Privacy Policy

Last updated: 1st January 2026

Introduction

cryptalionis AG ("we", "us", or "our") is committed to protecting your privacy and personal data. This privacy policy explains how we collect, use, and safeguard your information when you use our website and services. We are the data controller for the purposes of the General Data Protection Regulation (GDPR) and other applicable data protection laws.

Data We Collect

The data collection we undertake includes both information you provide directly and information we collect automatically through your use of our services:

• Personal Information: Name, email address, phone number, and any other information you provide when contacting us or using our services
• Training Data: Fitness goals, experience level, training history, and progress information when you participate in our programs
• Technical Data: IP address, browser type, device information, and website usage data collected through cookies and similar technologies
• Communication Data: Records of correspondence, support requests, and feedback you provide to us

How We Use Your Information

We use of your data is governed by legitimate business interests and your consent, where applicable. Specifically, we use your information to:

• Provide and deliver our bodybuilding programs and services
• Personalise training recommendations and nutritional guidance
• Communicate with you about your programs and respond to enquiries
• Process payments and manage your account
• Improve our services and develop new programs
• Comply with legal obligations and protect our legitimate interests
• Send marketing communications (with your consent)

Legal Basis for Processing

Under GDPR, we process your personal data based on the following legal grounds: performance of contract (to provide our services), legitimate interests (to improve our services and communicate with you), consent (for marketing communications and cookies), and legal obligation (to comply with applicable laws).

Cookies and Tracking Technologies

We may use cookies and tracking technologies for analytics, advertising, and remarketing purposes, including Google Ads. These technologies help us measure campaign effectiveness, deliver relevant advertisements, and improve our services. You can manage your cookie preferences at any time through our cookie consent banner. For detailed information about our cookie usage, please see our Cookie Policy.

Data Sharing and Disclosure

We do not sell your personal data to third parties. We may share your information with trusted service providers who assist us in operating our business (such as payment processors and email services), legal authorities when required by law, and business partners with your explicit consent. All third parties are required to maintain appropriate security measures and use your data only for the specified purposes.

Data Retention

We retain your personal data for as long as necessary to fulfil the purposes outlined in this policy. Typically, we keep account information for the duration of your relationship with us plus a reasonable period thereafter for legal and business purposes. Training data and progress information may be retained longer to provide continuity of service. You may request deletion of your data at any time, subject to legal obligations.

Your Rights

Under GDPR and other applicable data protection laws, your rights regarding your personal data include:

• Right of Access: Request copies of your personal data
• Right to Rectification: Correct inaccurate or incomplete data
• Right to Erasure: Request deletion of your personal data
• Right to Restrict Processing: Limit how we use your data
• Right to Data Portability: Receive your data in a structured format
• Right to Object: Object to processing based on legitimate interests
• Right to Withdraw Consent: Withdraw consent for marketing communications

Data Security

We implement appropriate technical and organisational security measures to protect your personal data against unauthorised access, alteration, disclosure, or destruction. These measures include encryption, secure servers, access controls, and regular security assessments. However, no method of transmission over the internet is completely secure, and we cannot guarantee absolute security.
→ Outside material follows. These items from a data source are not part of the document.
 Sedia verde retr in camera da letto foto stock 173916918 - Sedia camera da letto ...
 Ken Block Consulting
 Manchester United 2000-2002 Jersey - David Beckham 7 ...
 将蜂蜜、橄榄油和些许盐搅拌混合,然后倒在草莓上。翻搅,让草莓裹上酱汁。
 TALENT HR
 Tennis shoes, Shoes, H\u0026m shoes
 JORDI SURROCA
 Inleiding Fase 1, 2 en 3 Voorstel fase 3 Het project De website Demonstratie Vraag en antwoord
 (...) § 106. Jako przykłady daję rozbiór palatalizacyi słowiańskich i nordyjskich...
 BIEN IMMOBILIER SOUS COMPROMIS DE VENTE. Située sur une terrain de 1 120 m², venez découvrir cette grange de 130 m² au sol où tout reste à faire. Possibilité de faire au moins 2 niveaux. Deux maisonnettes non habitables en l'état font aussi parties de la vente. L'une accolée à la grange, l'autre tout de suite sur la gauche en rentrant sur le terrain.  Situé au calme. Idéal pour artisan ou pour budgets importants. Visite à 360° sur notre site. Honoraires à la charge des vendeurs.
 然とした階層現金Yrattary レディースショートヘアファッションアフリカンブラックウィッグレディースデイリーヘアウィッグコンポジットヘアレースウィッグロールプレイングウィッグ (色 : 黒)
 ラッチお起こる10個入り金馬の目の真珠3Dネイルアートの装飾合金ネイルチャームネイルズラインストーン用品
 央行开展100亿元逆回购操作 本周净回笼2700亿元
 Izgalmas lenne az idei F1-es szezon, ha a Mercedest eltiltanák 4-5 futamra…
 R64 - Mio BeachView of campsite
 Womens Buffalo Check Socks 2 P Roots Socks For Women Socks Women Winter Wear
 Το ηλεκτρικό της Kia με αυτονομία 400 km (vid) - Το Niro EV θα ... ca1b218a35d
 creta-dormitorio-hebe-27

International Data Transfers

Your personal data may be transferred to and processed in countries outside the European Economic Area (EEA) where our service providers are located. When we transfer data internationally, we ensure appropriate safeguards are in place, such as standard contractual clauses or adequacy decisions by the European Commission.

Children's Privacy

Our services are not directed to individuals under the age of 16. We do not knowingly collect personal data from children under 16. If you are a parent or guardian and believe your child has provided us with personal data, please contact us immediately so we can delete such information.

Changes to This Policy

We may update this privacy policy from time to time to reflect changes in our practices or legal requirements. We will notify you of any material changes by posting the updated policy on our website and updating the "last updated" date. Your continued use of our services after such changes constitutes acceptance of the updated policy.

Contact Information

If you have questions about this privacy policy, wish to exercise your rights, or need to contact us regarding data protection matters, please reach out to us:

Supervisory Authority

If you believe we have not handled your personal data in accordance with this policy or applicable law, you have the right to lodge a complaint with the relevant supervisory authority. In Germany, this is the Federal Commissioner for Data Protection and Freedom of Information (BfDI) or your local data protection authority.